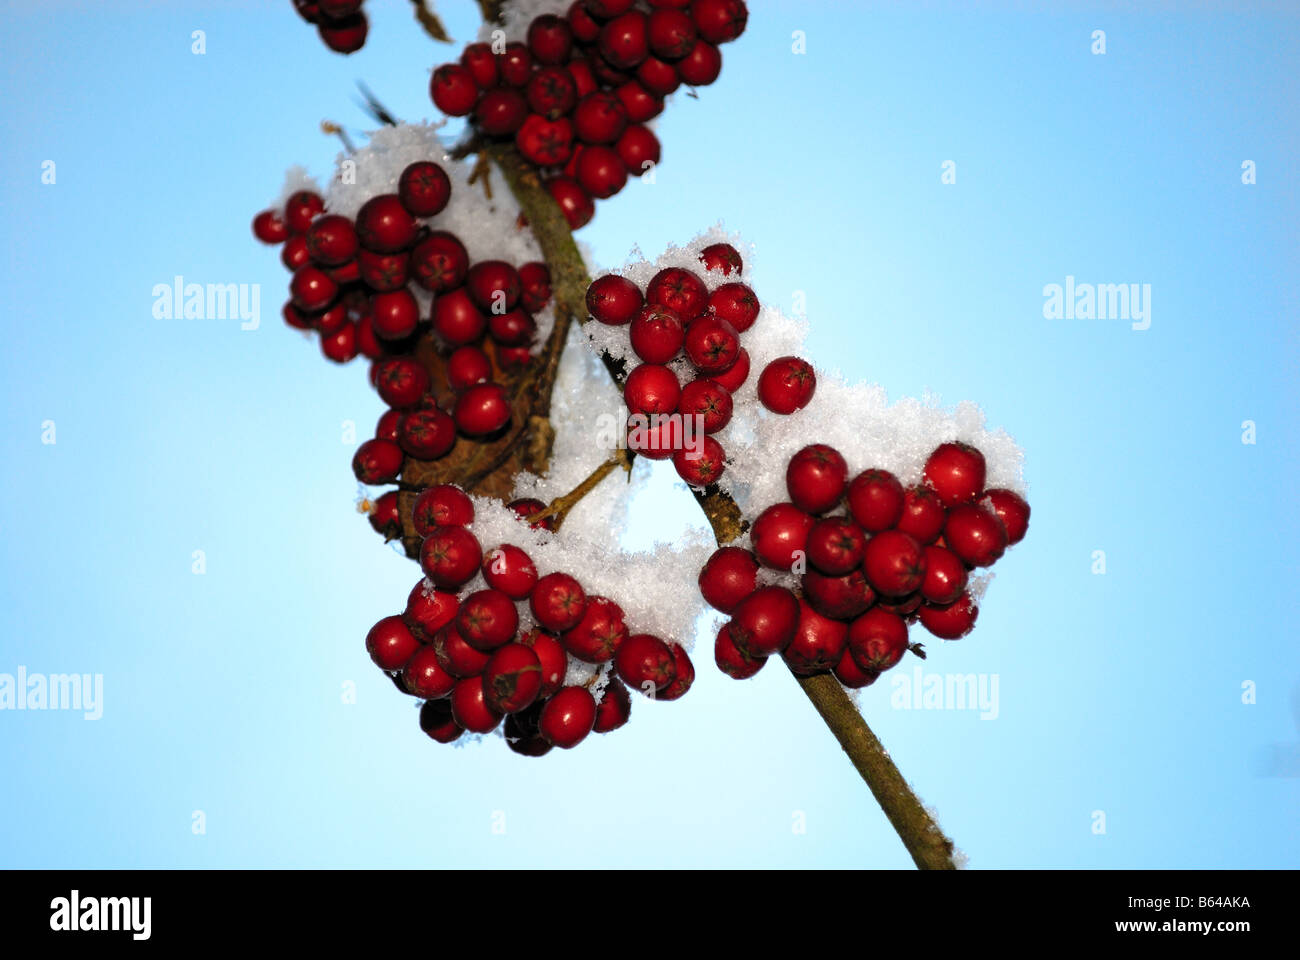 Cotoneaster berries in the snow, Fife, Scotland Stock Photo
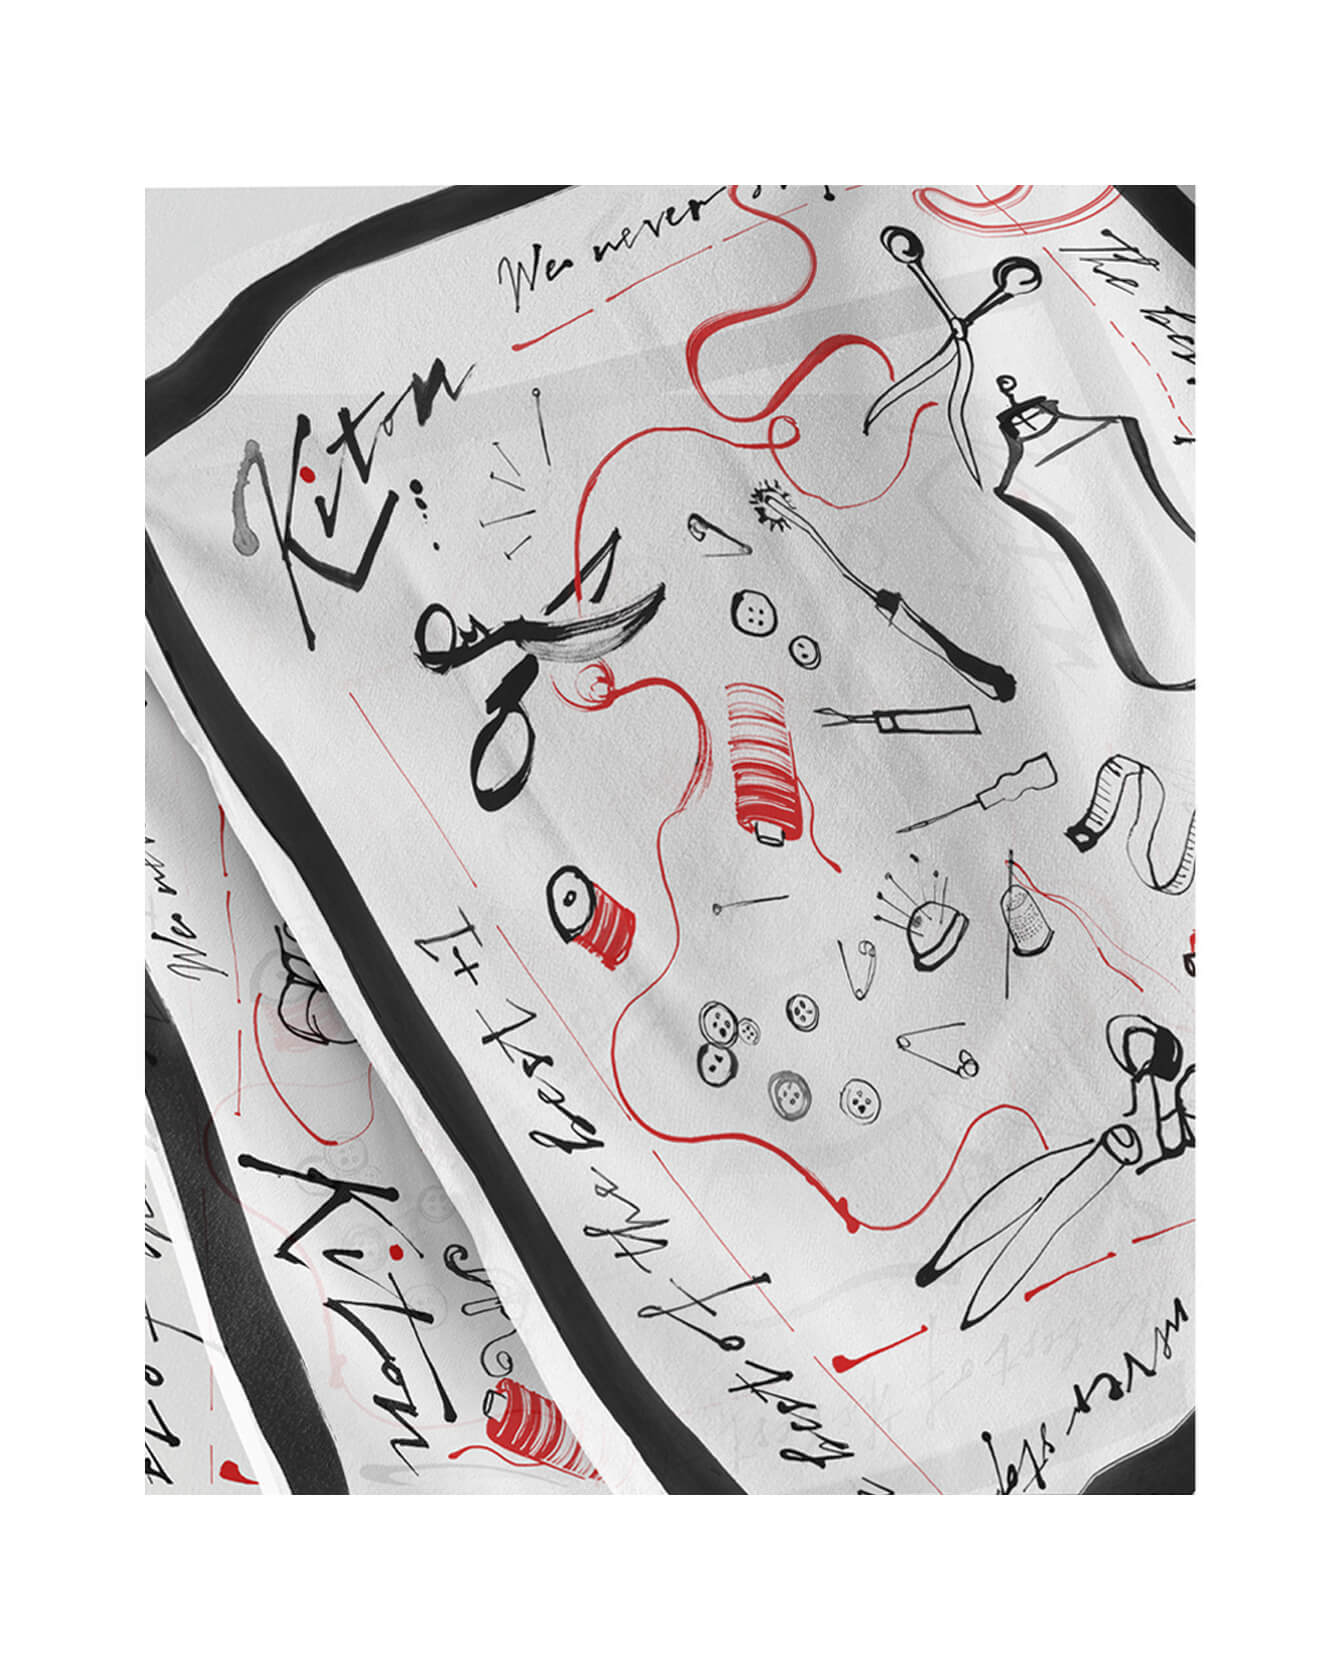 Hand painted illustrated objects - the tailors tools. Scissors, needles, thread, fashion mannequin, All brush stroke, hand painted ink style illustration and hand drawn lettering - for Naples fashion house Kiton. In a limited colour palette of black, white and red.
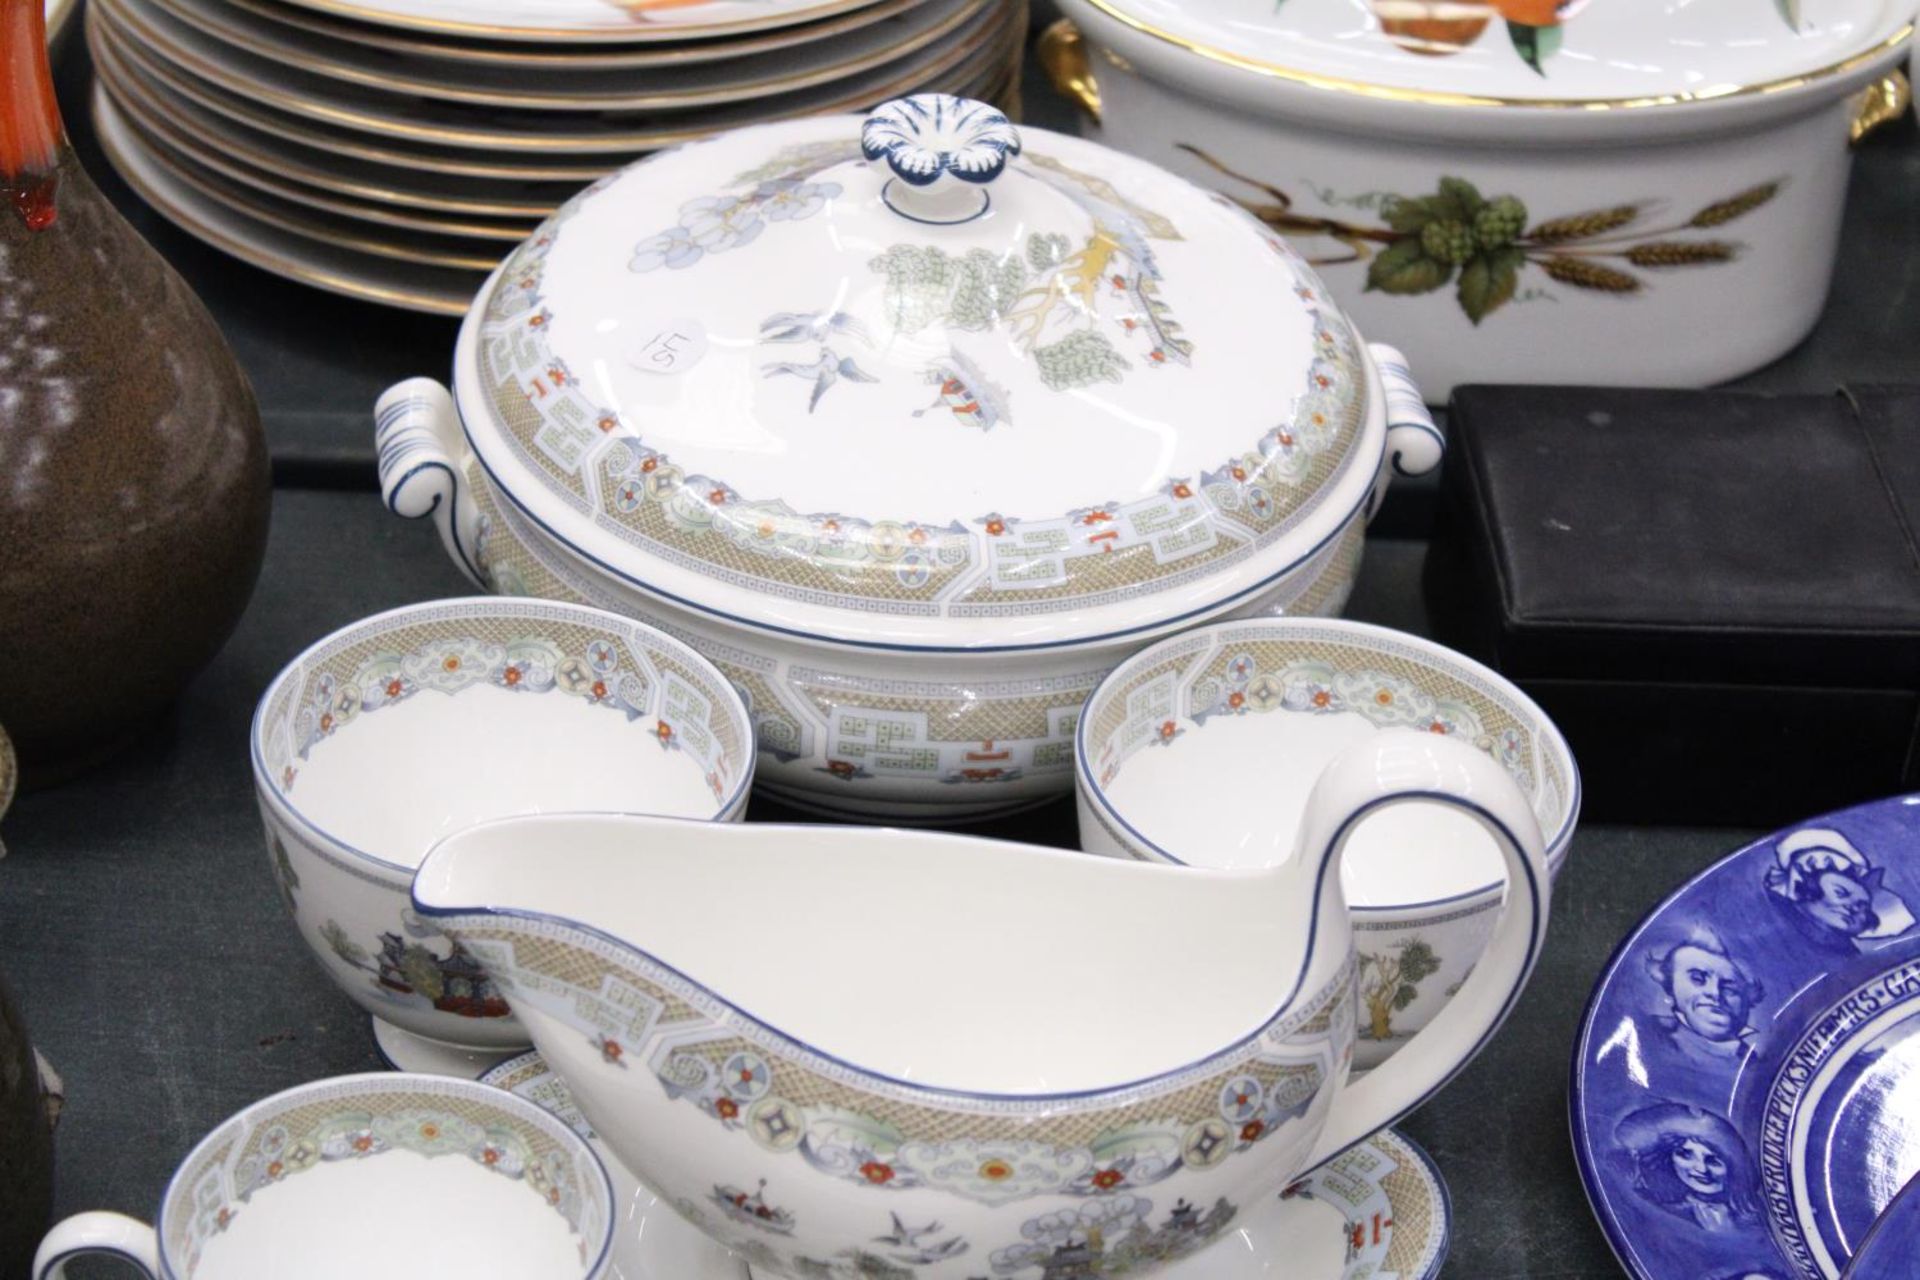 A PART ORIENTAL STYLE WEDGWOOD DINNER SERVICE TO INCLUDE A GRAVY JUG, CUP, PLATES ETC - Image 2 of 6
+++
◆ Exercise details:
Retype the data above exactly; pictures are not part of the copy.

◆ Expected output:
 Cotoneaster berries in the snow, Fife, Scotland Stock Photo
 Hand painted illustrated objects - the tailors tools. Scissors, needles, thread, fashion mannequin, All brush stroke, hand painted ink style illustration and hand drawn lettering - for Naples fashion house Kiton. In a limited colour palette of black, white and red.
 A PART ORIENTAL STYLE WEDGWOOD DINNER SERVICE TO INCLUDE A GRAVY JUG, CUP, PLATES ETC - Image 2 of 6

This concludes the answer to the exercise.